Even if that’s the case, all brothers are complicit in this type of abusive and problematic behavior. By allowing these unquestionably racist, sexist, and ableist comments and actions to continue unpunished, the entire fraternity is implicitly condoning them, giving brothers free reign to continue as they please. Some fraternities have removed individual members complicit of this type of behavior, but this is by and far an exception. To FIJI’s credit, it indefinitely suspended the brother who made a racial remark on the Facebook page before the Cinco de Mayo party. But, there were still multiple brothers who attended the party in construction gear, a racially insensitive act that still remains unpunished. And, as Delta Upsilon (DU) President Stephen Moreland said in an interview with the Maroon Editorial Board, specifically on sexual assault: “We’re not equipped to be people who are judging and evaluating cases.” Fraternity presidents are not looking to adjudicate over cases of sexual assault, even when it’s committed by their own brothers. They don’t want the responsibility of taking action, which only further shows that they are willing to passively condone this type of toxic behavior.  

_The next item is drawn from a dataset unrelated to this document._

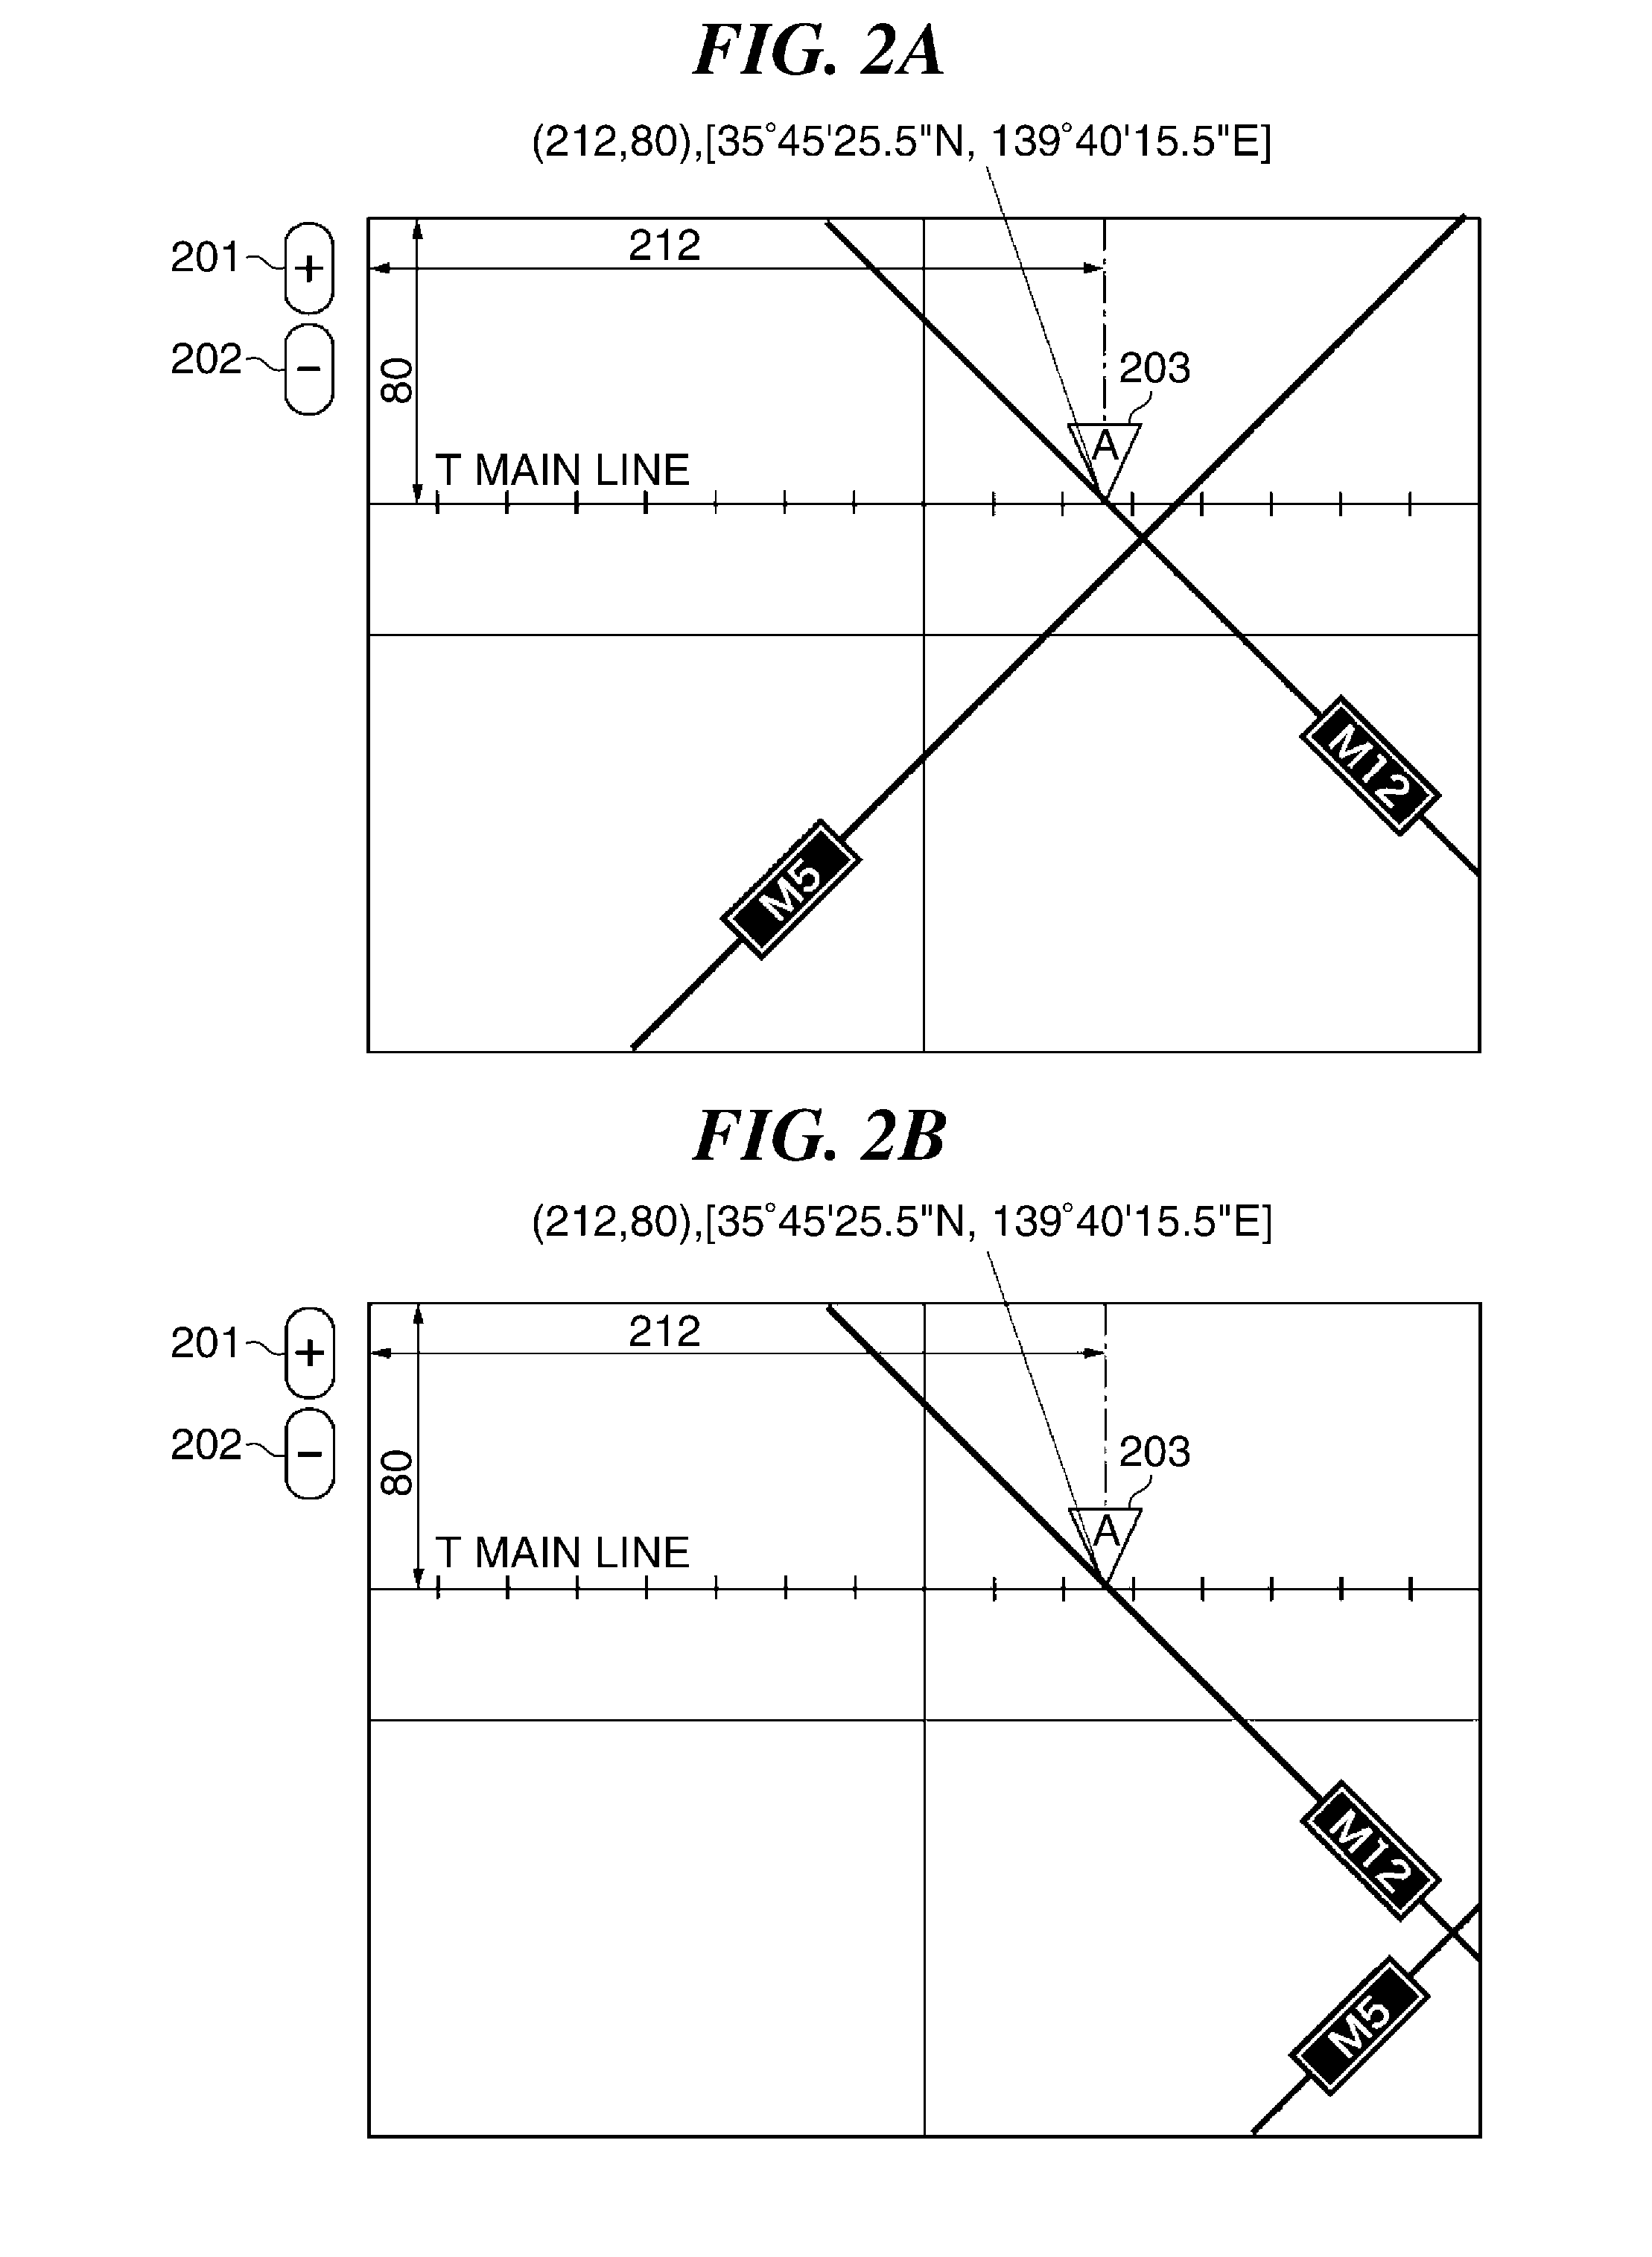 Display control apparatus capable of placing objects on screen according to position attributes of the objects, control method therefor, and storage medium

Fraternity culture around the country, and here at the University of Chicago, has a long history of sexual and physical violence toward women and minorities. It is one of the greatest contributors to the “root cause” of college sexual assault and denying this fact only proves that the UChicago administration can’t be trusted to discipline fraternities in any capacity.

Banning all fraternities is a long-shot, especially on a campus with an administration as infamously reluctant as our own. There are undoubtedly upstanding members of campus fraternities who would find racist and sexist behavior of any kind abhorrent. Unfortunately, these good apples still belong to a rotten tree; ultimately, such a tree needs to be cut down before it can do any more damage.

Sarah Zimmerman is a fourth-year in the College majoring in English and a Viewpoints editor.